Veeva Systems, a cloud-based software provider for the global life sciences industry, has launched Veeva Vault RIM, a next-generation regulatory information management (RIM) suite. Vault RIM unites submission documents, published dossiers, product registrations and health authority interactions into a single authoritative source for all regulatory information. The convergence of RIM capabilities in Veeva Vault’s regulatory product suite will align disconnected regulatory processes worldwide, dramatically improving life sciences companies’ speed, agility and compliance.
Today, regulatory information is captured in a multitude of disconnected central and local systems that manage everything from product registrations, regulatory events, submissions, health authority correspondence and commitments, published dossiers and more.
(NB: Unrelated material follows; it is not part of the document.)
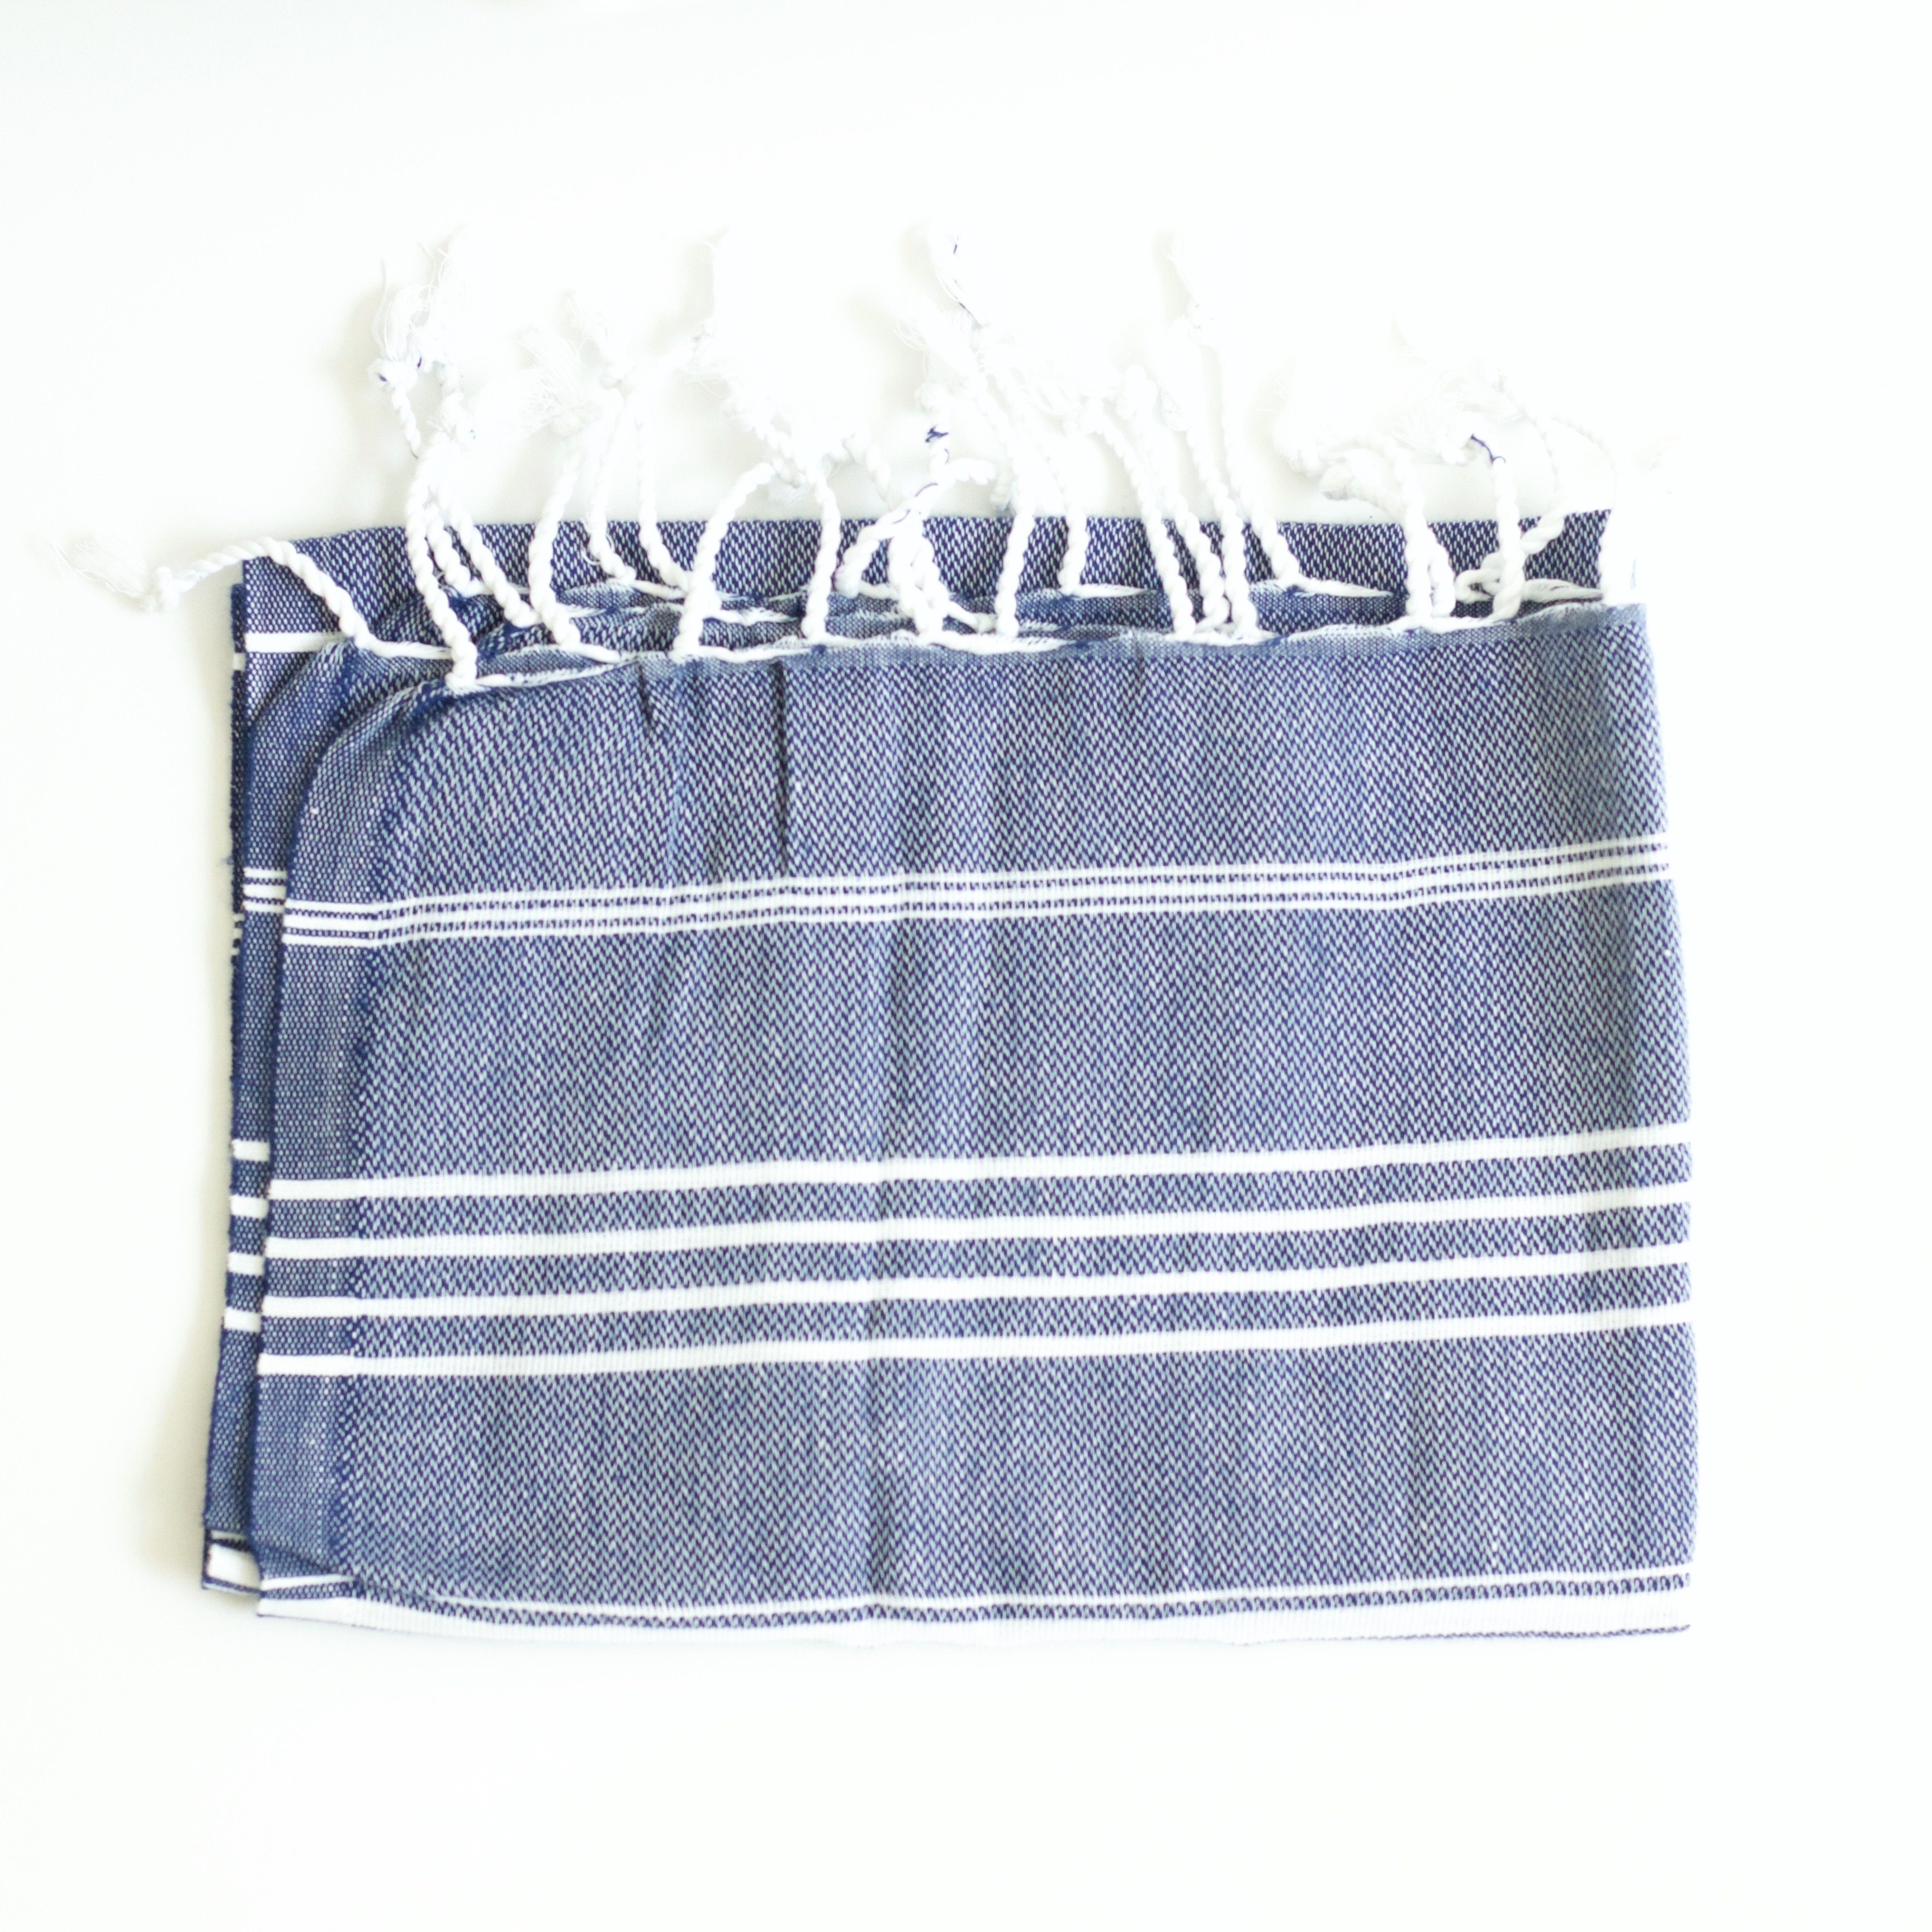 fair-trade-cotton-towel

Industry research has found the majority of companies have identical and related information in multiple systems around the globe, creating redundancies and significant duplication of efforts worldwide.
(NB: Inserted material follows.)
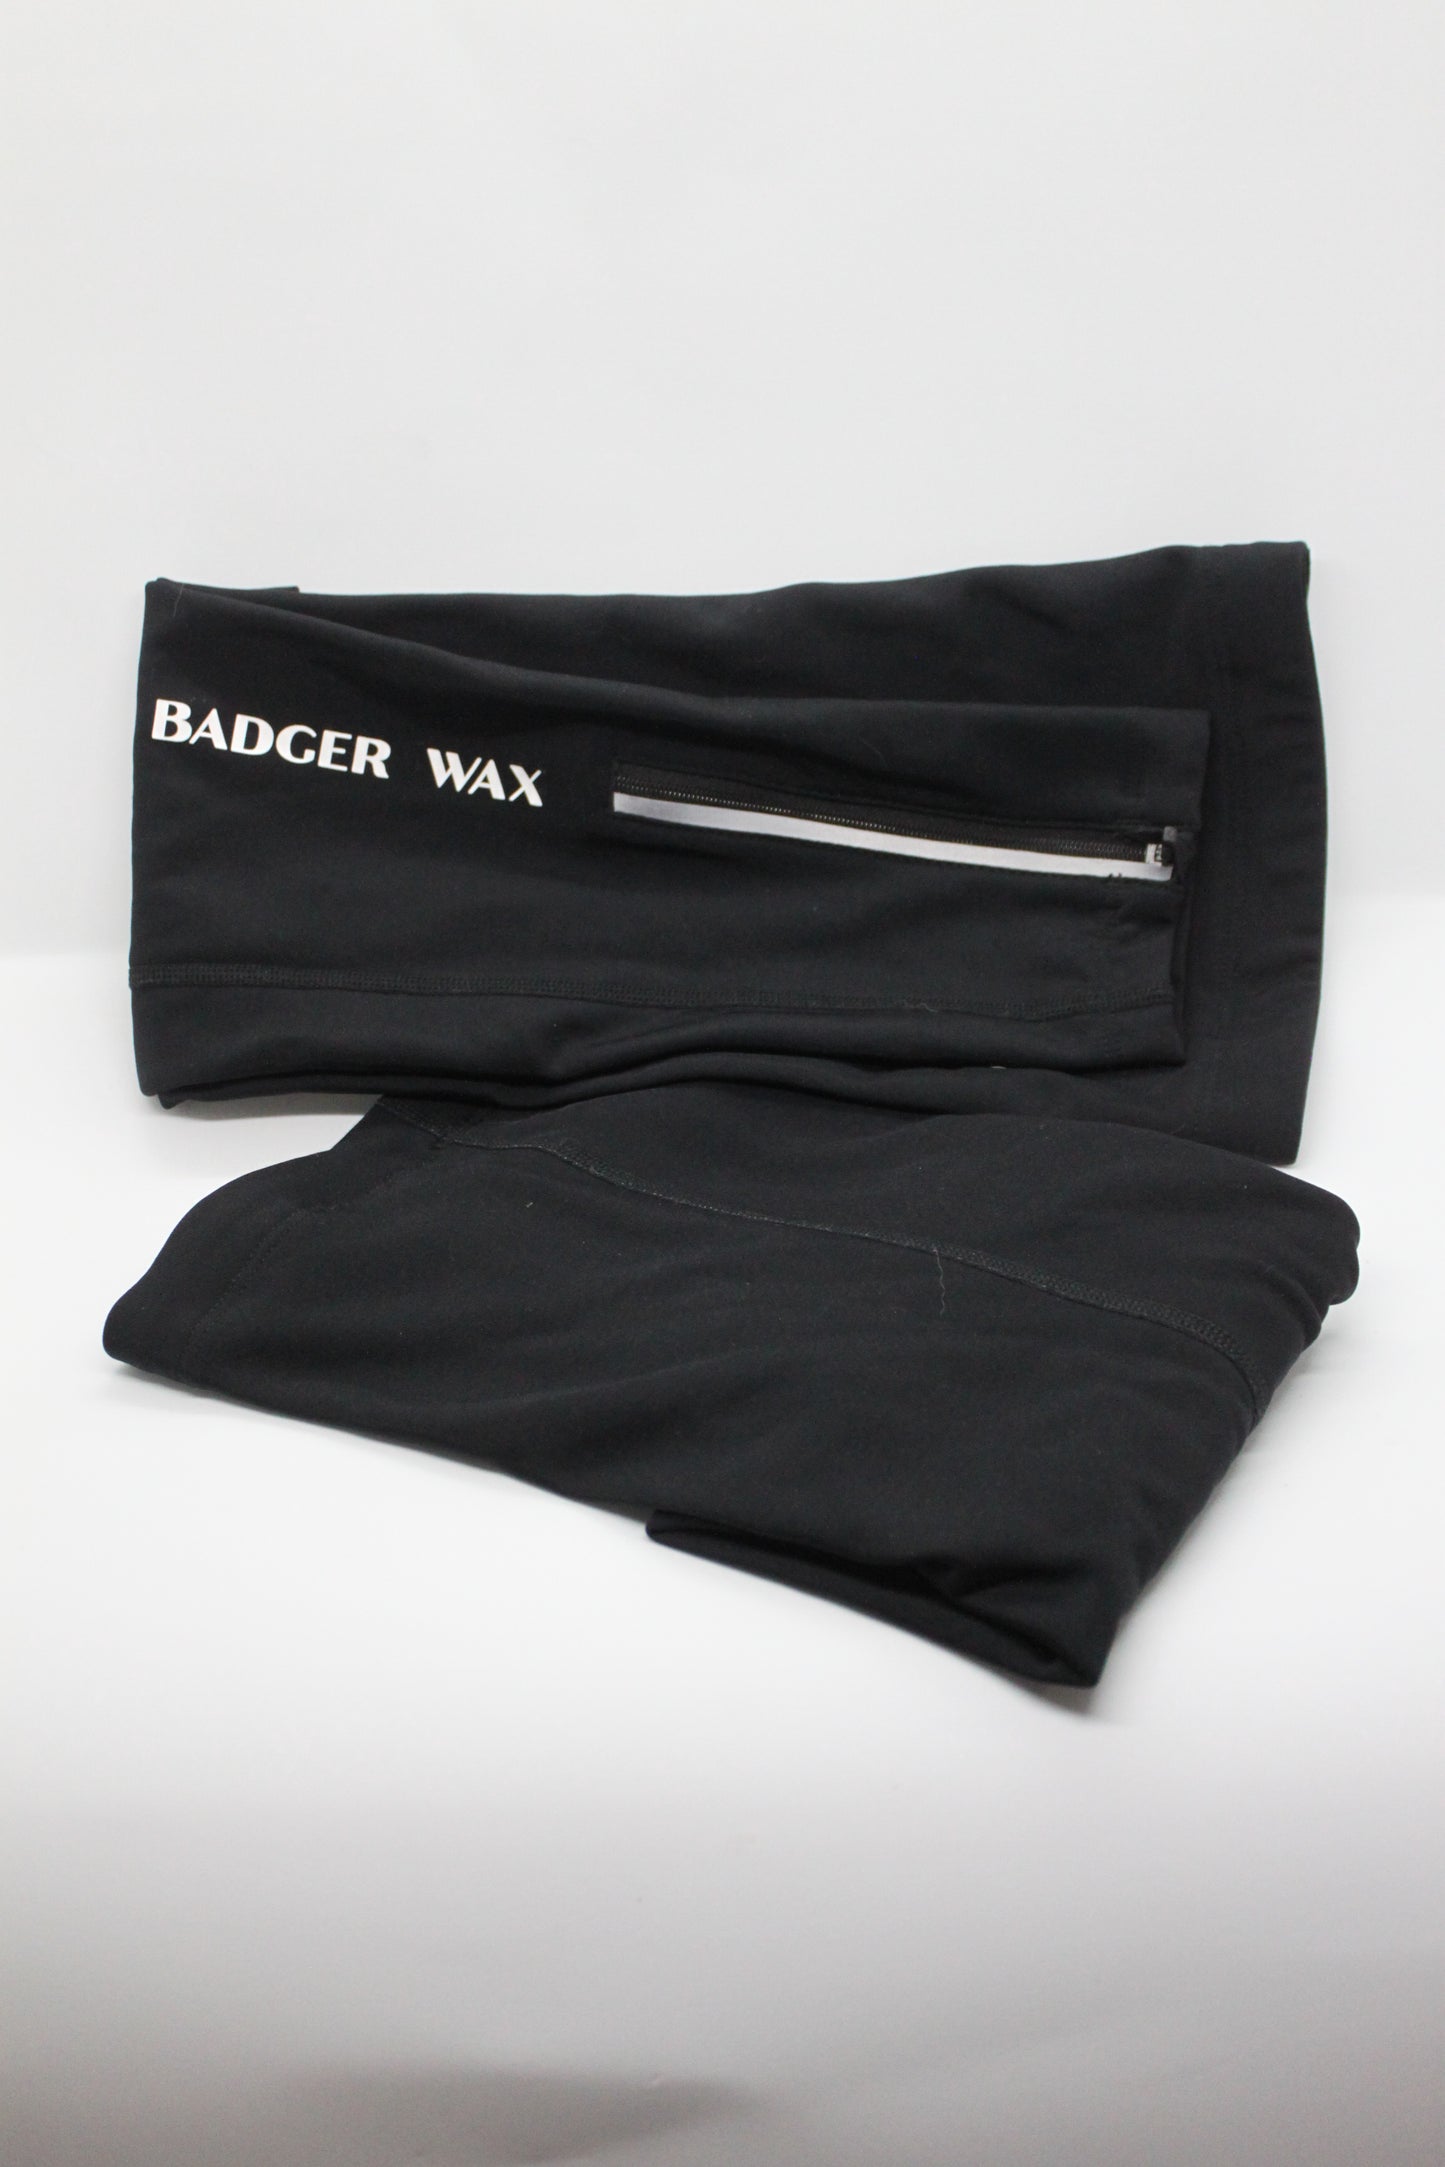 Badger Wax Black Leg Warmers - Badger Wax

“Disconnected information and systems are among the biggest hurdles that regulatory faces today,” said Steve Gens, managing partner at Gens and Associates and presenter at Veeva’s R&D Summit. “This inefficiency significantly hinders regulatory productivity and the ability to have a real-time, end-to-end, regulatory picture.”
Vault RIM is the first suite of regulatory applications to seamlessly manage both content, such as documents, and data, like registrations and events. Vault RIM eliminates the artificial division between content and data imposed by traditional systems, and removes the need for companies to purchase and integrate a multitude of disparate systems, thereby reducing cost and complexity. Further, by centralizing registration-related information across all geographies, companies can eliminate duplicate data entry and automate many of the manual, repetitive steps slowing today’s processes.
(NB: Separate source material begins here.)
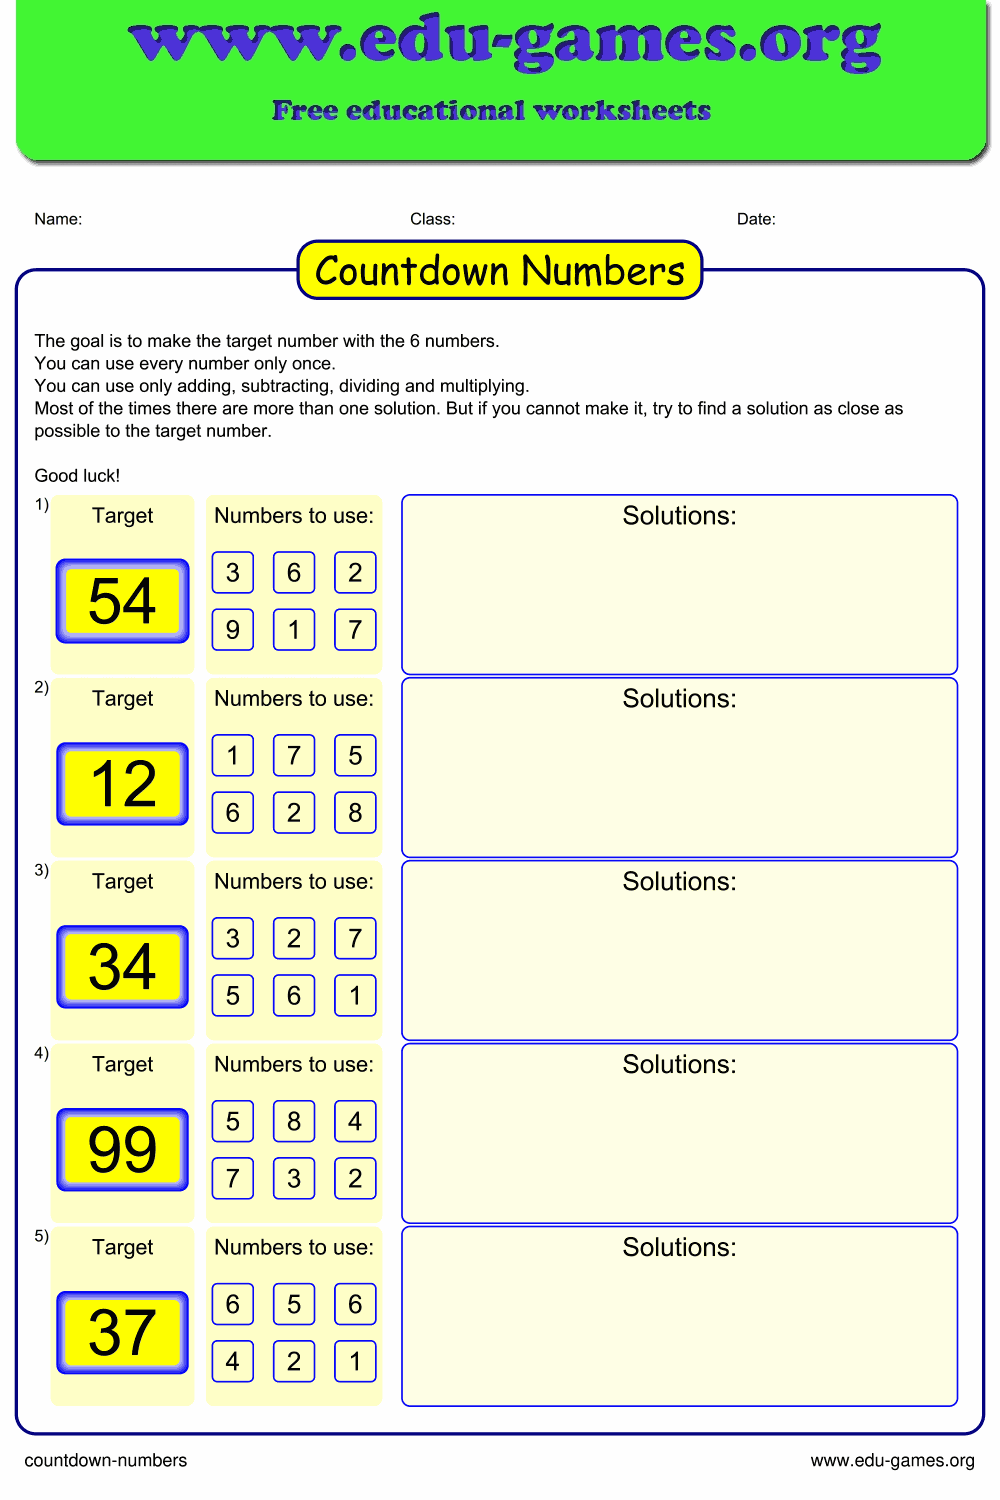 Countdown numbers worksheet | Free printable math game worksheets

The Vault RIM suite of applications includes Veeva Vault Submissions, Veeva Vault SubmissionsArchive, and Veeva Vault Registrations. Vault Submissions manages the planning, authoring, review and approval of documents for submission to regulatory authorities. Vault SubmissionsArchive stores published submissions in a secure, globally accessible repository with integrated document navigation and eCTD submission viewing capabilities. Vault Registrations also enables efficient management, tracking and reporting of product and registration information globally, including approval status, variations and health-related authority questions and commitments.